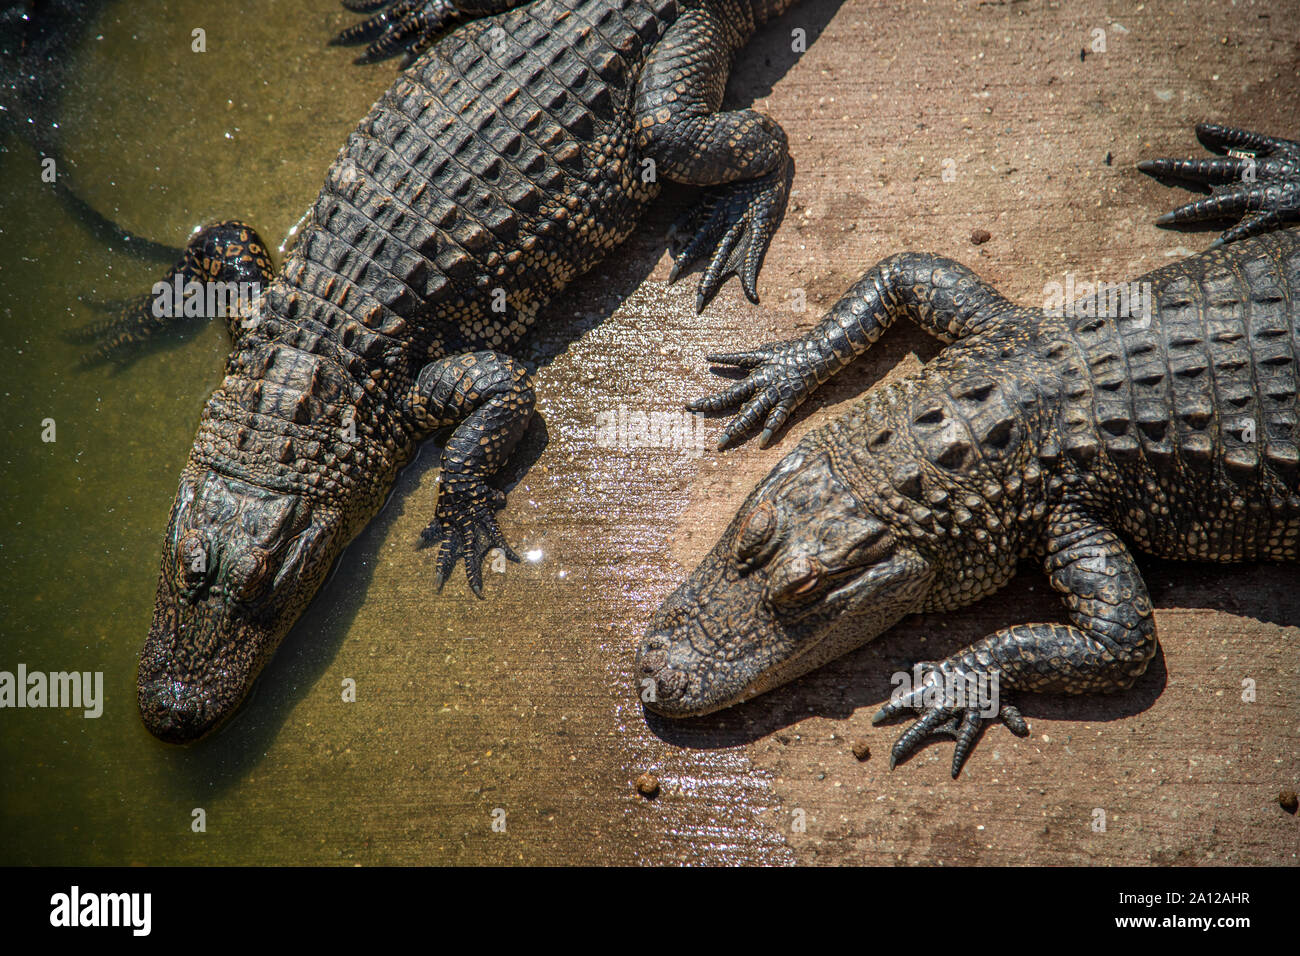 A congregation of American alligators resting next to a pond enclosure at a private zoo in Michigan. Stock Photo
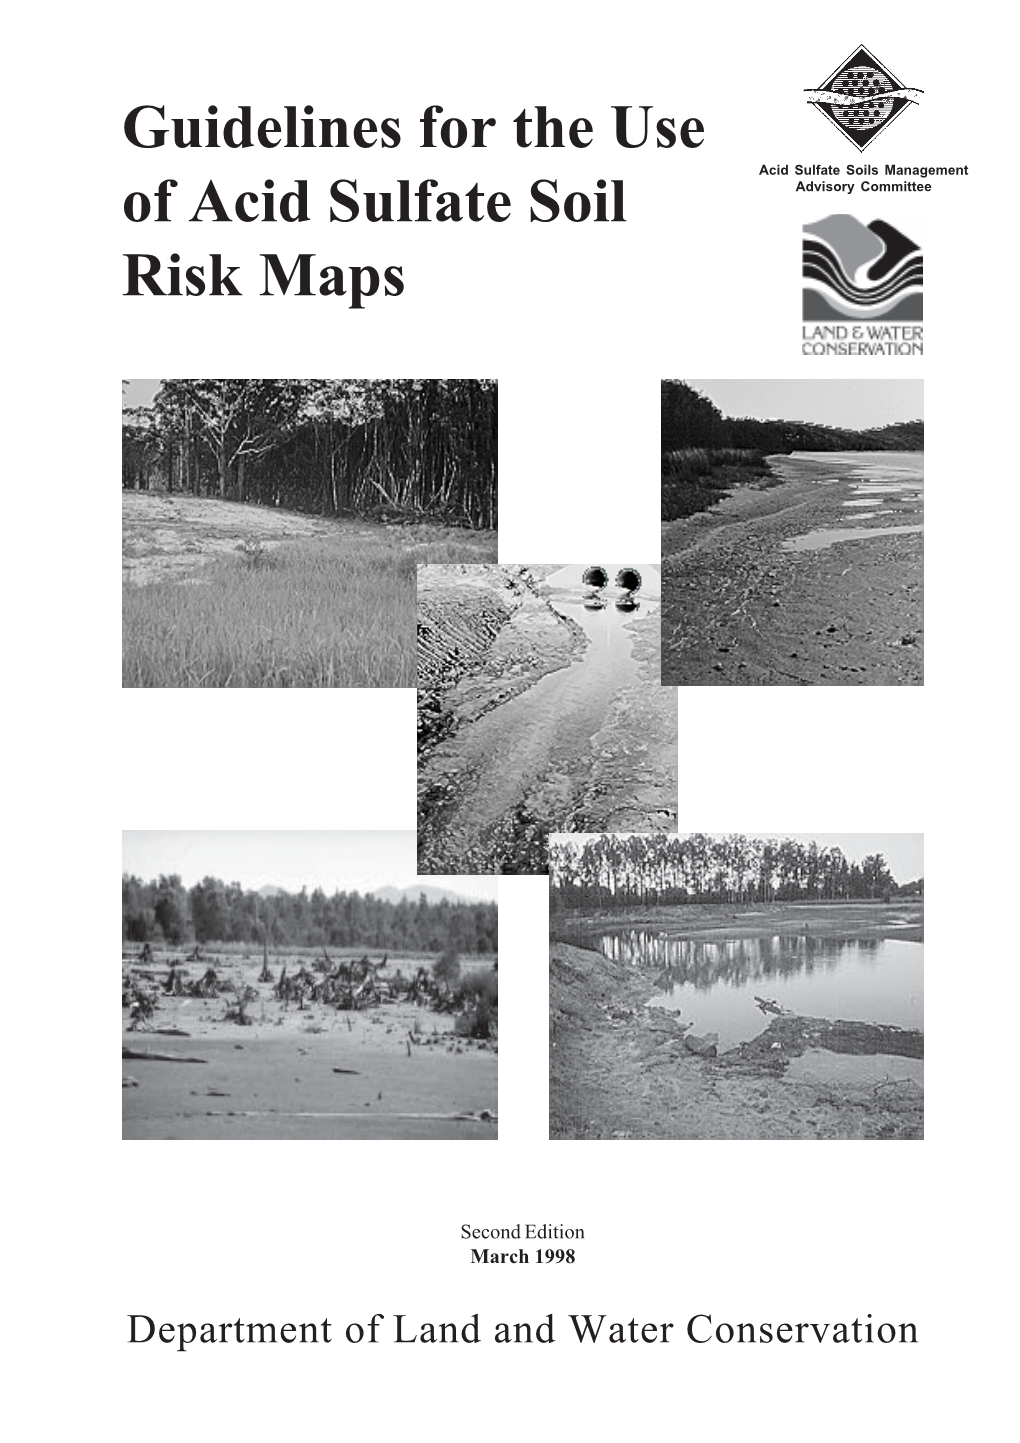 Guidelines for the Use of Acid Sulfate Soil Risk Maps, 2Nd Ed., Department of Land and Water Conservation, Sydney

____________________

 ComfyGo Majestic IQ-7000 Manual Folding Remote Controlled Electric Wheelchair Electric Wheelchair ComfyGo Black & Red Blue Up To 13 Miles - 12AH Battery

____________________

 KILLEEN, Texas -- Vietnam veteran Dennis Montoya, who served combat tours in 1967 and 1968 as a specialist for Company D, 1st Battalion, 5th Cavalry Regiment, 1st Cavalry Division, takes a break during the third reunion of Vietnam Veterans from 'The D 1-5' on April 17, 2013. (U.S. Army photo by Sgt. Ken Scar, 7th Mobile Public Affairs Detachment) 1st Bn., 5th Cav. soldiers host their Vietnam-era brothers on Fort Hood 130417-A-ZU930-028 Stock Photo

____________________

▶ _Work to complete_
In the data above, find the line with "A congregation of" and the line with "Guidelines for the". Please copy exactly those two lines and every line between them, but not the pictures.

▶ _Answer for the task_
 A congregation of American alligators resting next to a pond enclosure at a private zoo in Michigan. Stock Photo
 Guidelines for the Use of Acid Sulfate Soil Risk Maps, 2Nd Ed., Department of Land and Water Conservation, Sydney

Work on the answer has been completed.